**In the wake of the diamond Coxtroversy, Twistor59 has asked at the Physics Stack Exchange:**

This question is related but my question here is much more elementary than discussions of the Pauli principle across the universe.

There has been a fair amount of discussion around at the moment on the double well potential model in quantum mechanics. The question I have here is just concerned with some very simple basic schoolboy quantum mechanics that you need to get right in order to progress with the discussions (I think these questions would be too elementary for a physicist to ask - fortunately I'm not a physicist, so my embarrassment is under control).

The scenario is this: I have a double square finite depth potential well with a large distance separating the wells. Call them left hand and right hand wells. The model I want to use is elementary nonrelativistic quantum mechanics. The energy eigenstates of such a system are similar to those of a single well, but what was one energy eigenstate now becomes two with incredibly closely spaced energy levels.

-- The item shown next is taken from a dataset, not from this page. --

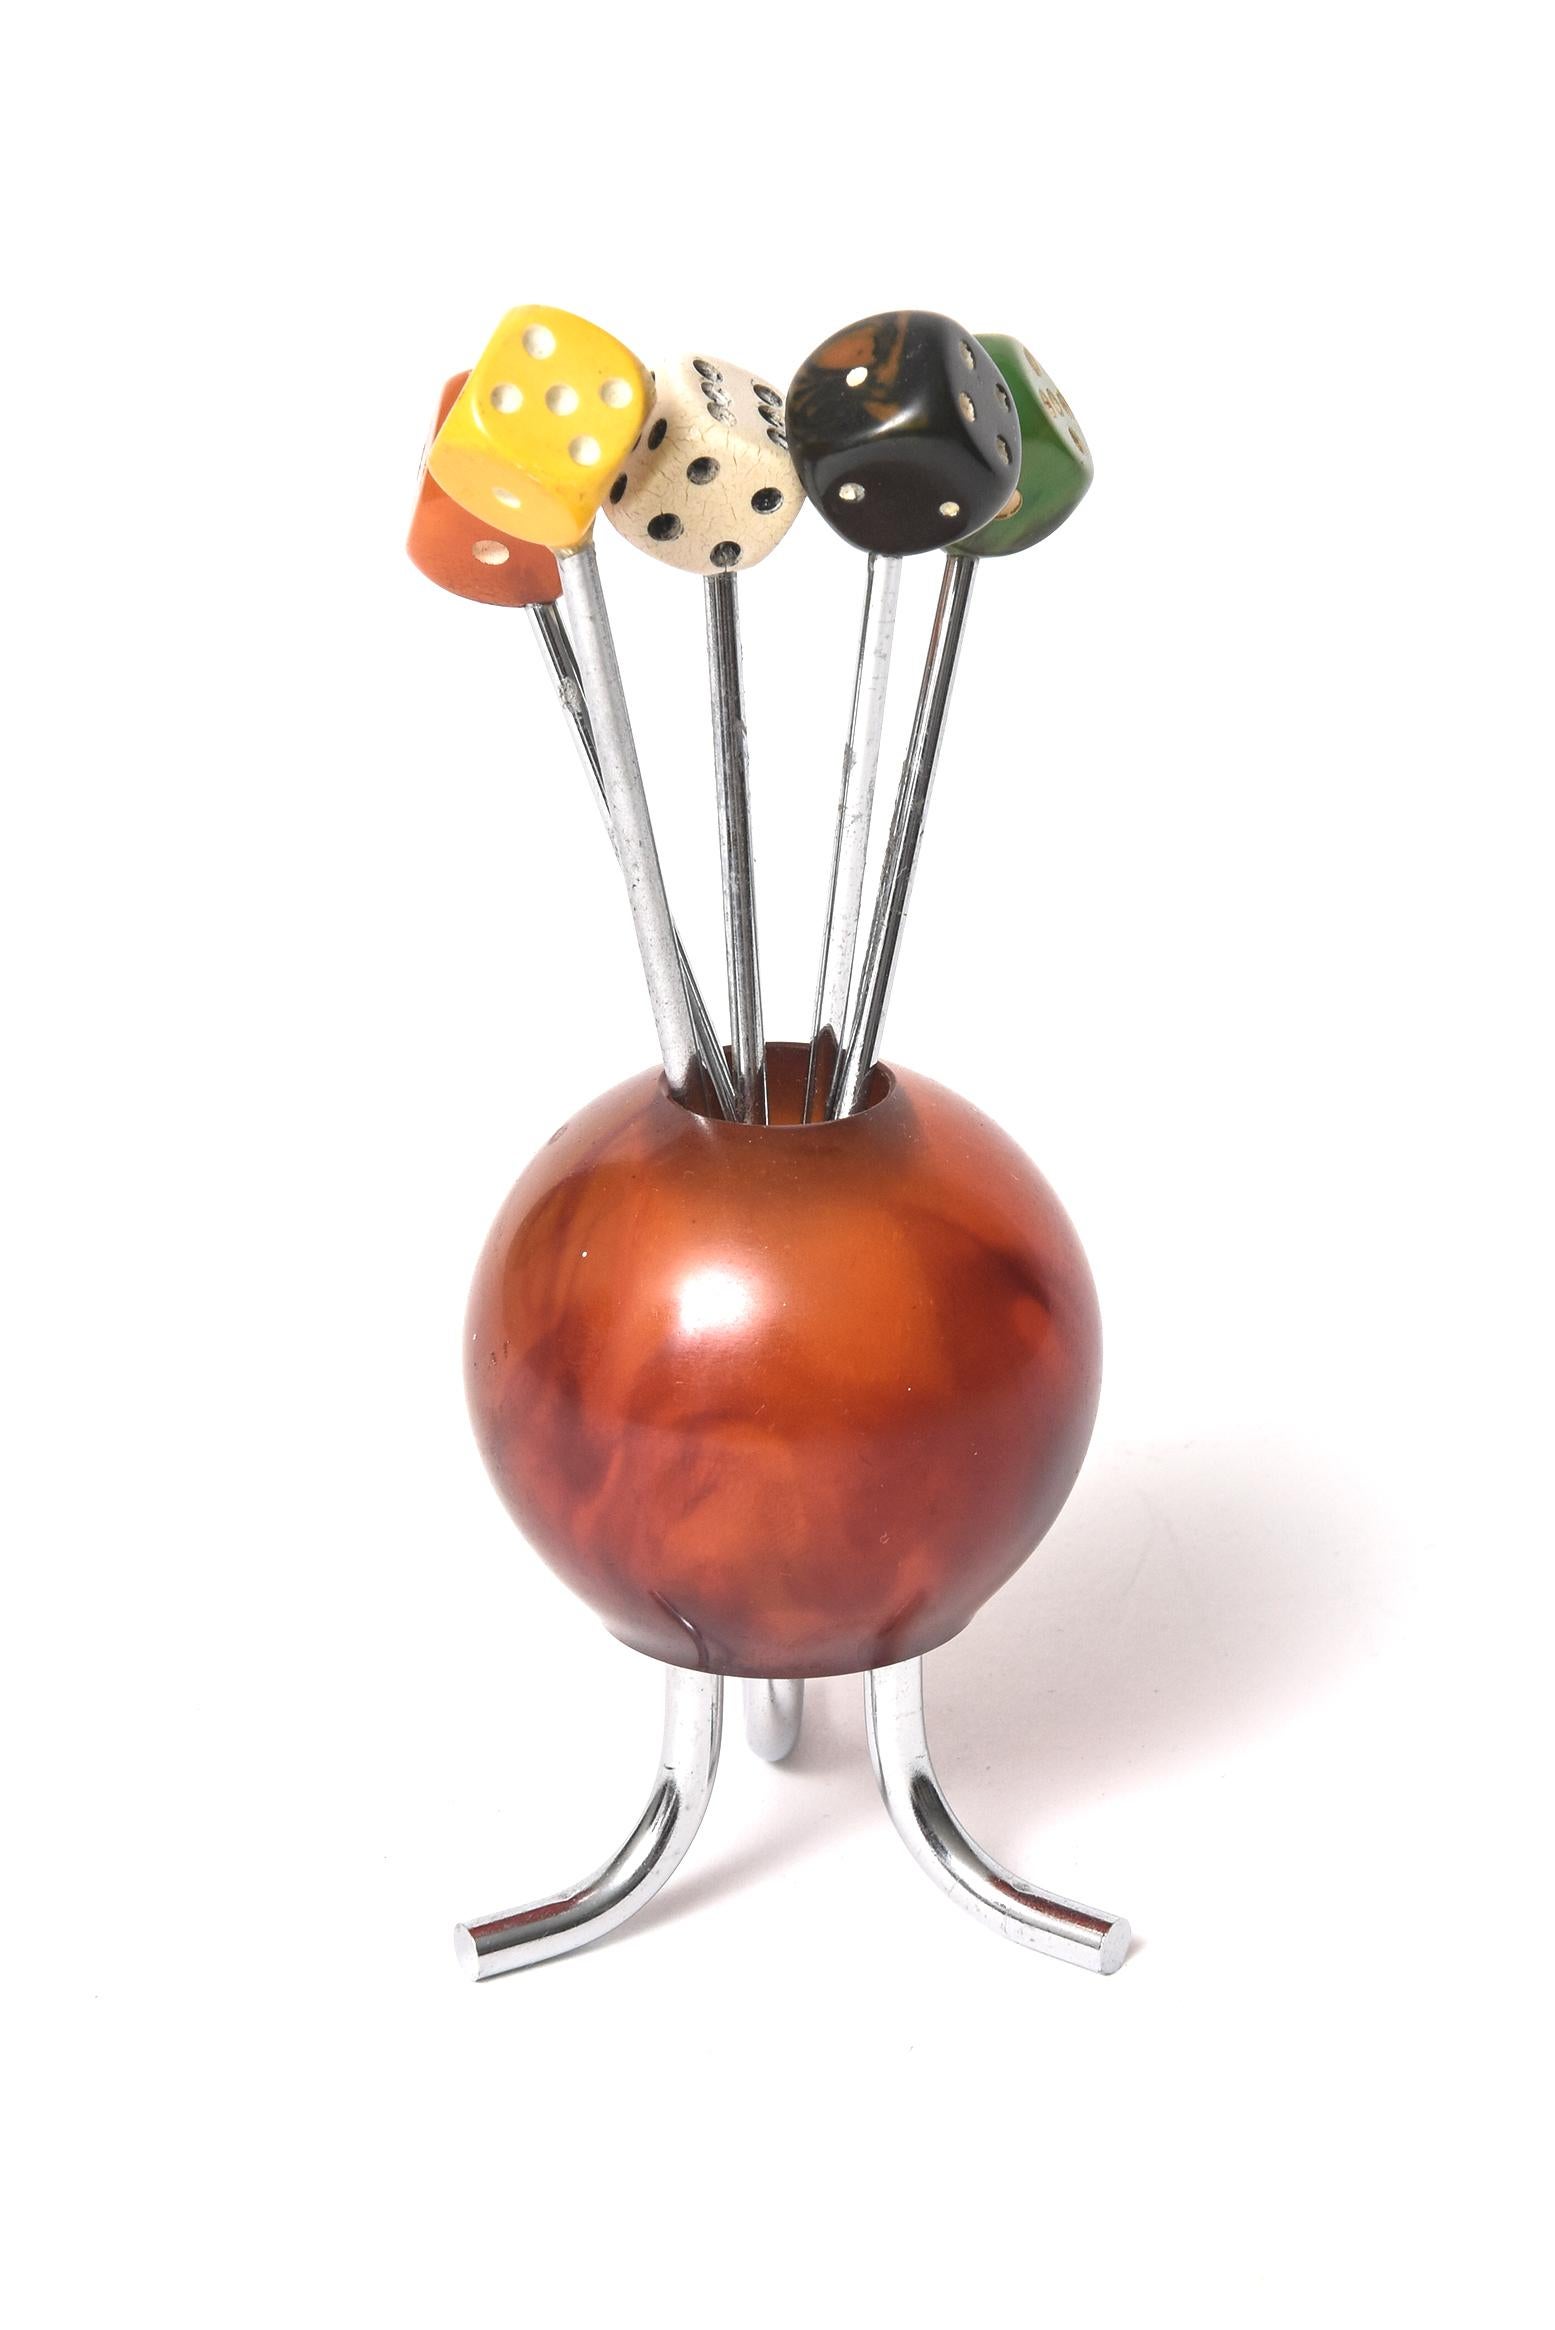 A French Art Deco cocktail pick set featuring an amber colored bakelite ball on 3 chrome legs holding 5 dice cocktail fork picks. The dice are wood and bakelite with a chrome fork pick stick These cocktail pick holders (

Suppose I have two electrons in this system in the two very closely spaced lowest levels \(E_1\) and \(E_2\). The two electrons are indistinguishable, so the state is $${{1}\over{\sqrt{2}}}(|E_1\rangle|E_2\rangle-|E_2\rangle|E_1\rangle)$$ The statement that has often been made in these discussions is something like "an observer in the left hand well now makes an energy measurement of an electron and gets the value \(E_1\)".

In talking about this scenario, in the link I gave above Sean Carroll stated

"Imagine that we have such a situation with two electrons in two atoms, in a mutually entangled state. We measure our electron to be in energy level 1. Is it true that we instantly know that our far-away friend will measure their electron to be in energy level 2? Yes, absolutely true."This is where I'm confusing myself: By assumption, our system

*was*in an energy eigenstate, and we've made an ideal energy measurement, so by the rules of quantum mechanics after the measurement it ends up still in an energy eigenstate after the measurement. But the observer knows that we have a double well two-fermion system and the correct system state is still the antisymmetrized one $${{1}\over{\sqrt{2}}}(|E_1\rangle|E_2\rangle-|E_2\rangle|E_1\rangle)$$. So for an idealized measurement, the system started in this state and remained in this state. So I ask

question (1): If the measurement proceeds like this, without any extra entanglement-introducing mechanism, won't the observer think "if my far-away friend now makes an energy measurement, he'll have a 50/50 chance of getting \(E_1\) or \(E_2\)" ?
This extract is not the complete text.